Rick Warren's Family Roots Reveal Surprises During PBS Show

A look into the ancestral family history of Saddleback Church Pastor Rick Warren produced for an episode of the PBS series "Finding Your Roots" revealed at least two big surprises for the renowned evangelical leader.

The program's host, Harvard professor Henry Louis Gates, Jr., was able to show through genealogical research that Warren had several relatives rooted in church leadership positions dating back to the nation's founding.

However, perhaps more shocking was the discovery of a great grandfather dating back three generations with a profession viewed as less than admirable today – a slave owner.

"Rick Warren's paternal third great grandfather was a Baptist named Byrd Griffin born in Georgia," Gates told viewers of the show first broadcast last Sunday and available on the show's website. "According to the 1830 census, he was a farmer, but upon closer inspection we discovered something else, he was a rather prominent slave owner."

During the show, after the discovery was revealed to Warren, he read out loud a historical document that listed the sex and ages of the Griffin's 12 slaves. Griffin, who was a Baptist according to records, was both a farmer and a judge.

During the show's narration, Gates explained that during Griffin's time, slavery was often justified by people pointing to Bible verses as proof.

Gates asked Warren, "Do you think there was a valid justification of slavery before and during the Civil War?"

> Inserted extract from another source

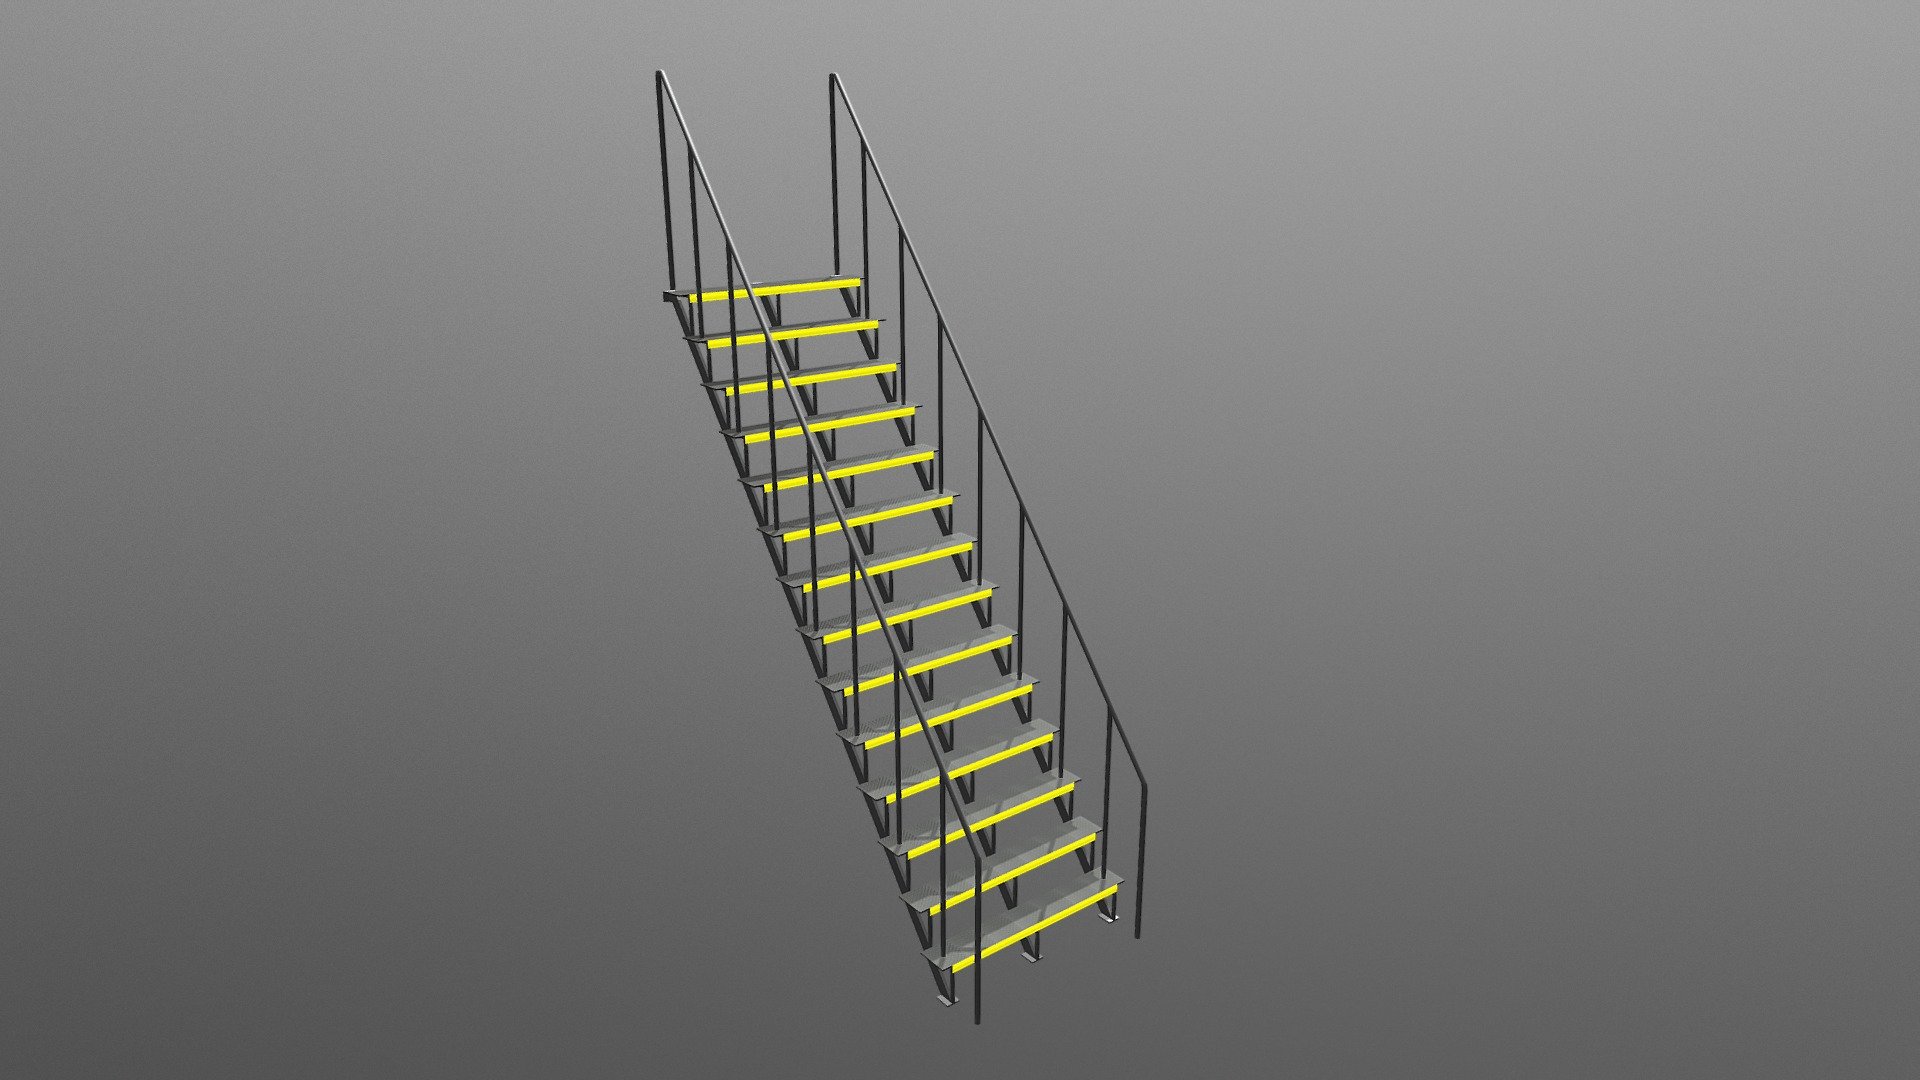 A 9 foot tall, steep stair-ladder with a 52 degree incline, 2' by 6

"There is zero biblical justification for slavery. Zero," Warren said. "From the very beginning of time God says. 'I have created every man in my image.' If you are going to read scripture with a prejudicial lens you are going to have a prejudicial interpretation."

The "Finding Your Roots" episode also traced the family histories of Rabbi Angela Buchdahl, and Sheikh Yasir Qadhi – "three people of different faiths, whose family histories have deeply impacted their religious beliefs."

During the program's introduction, Gates said, "Our choice of religions is perhaps most often decided for us by the beliefs that our ancestors have raised. All three inherited their religious beliefs from at least one of their parents and for each of them their faith turned out to be a call to service."

While introducing Warren's part of the program, he said, "What Rick didn't know was that his family's commitment to the church actually stretches back to the founding of this country. We discovered that his 9th great grandfather was a man named William Parke who was struggling to worship as a Puritan in Semer, England in the early 17th century when he decided to escape persecution by sailing to America in search of religious freedom.

"William would eventually book passage on a ship called the 'Lion' in the year 1630," he continued. "Less than a year later, charismatic minister John Elliot would arrive on a subsequent voyage of the same ship. Elliot, one of the original members of the First Church of Roxbury in New England is credited with printing the first Bible in the New World."

Gates then showed Warren a membership record of the church of Roxbury started in the year 1632 that describes the arrival of Parke, his 9th great grandfather, to America.

"Hey, we've had family here since 1630," said Warren excitedly. "Can I get a scholarship somewhere on this? Can I go back to school and be like an original guy?"

Parke served as a deacon in the church from its founding in 1632 to at least 1674, said Gates. "Did you know you had such deep Protestant roots?"

"No I did not," Warren answered Gates. "This is what you call having Calvinist props. Puritan props."

Warren, who was born in San Jose, Calif. in 1954, said earlier in the program that he was deeply influenced by his father and described him as a church planter with more skills as a carpenter than a preacher.

The best-selling author of The Purpose Driven Life and many other books told Gates about his commitment to Jesus at a young age.

"When I was a sophomore in high school I got a job at a Christian camp in Northern California," Warren said. "At nights I was responsible for campfires. One night I went into a cabin and got down on my knees and I prayed a really simple prayer. I (prayed) 'God, if there is a God, I want to know you.' It was really that simple. And I said I don't understand it all. I don't get it all, but if you are real, make yourself real to me. Jesus Christ I want to know you. That was really it.

"No thunder, no lightening, no angels came down. My hair didn't turn white like Charlton Heston (in scene from movie 'Ten Commandments'). I didn't get emotional. I didn't cry. It was really a matter of fact decision. That was the turning point in my life."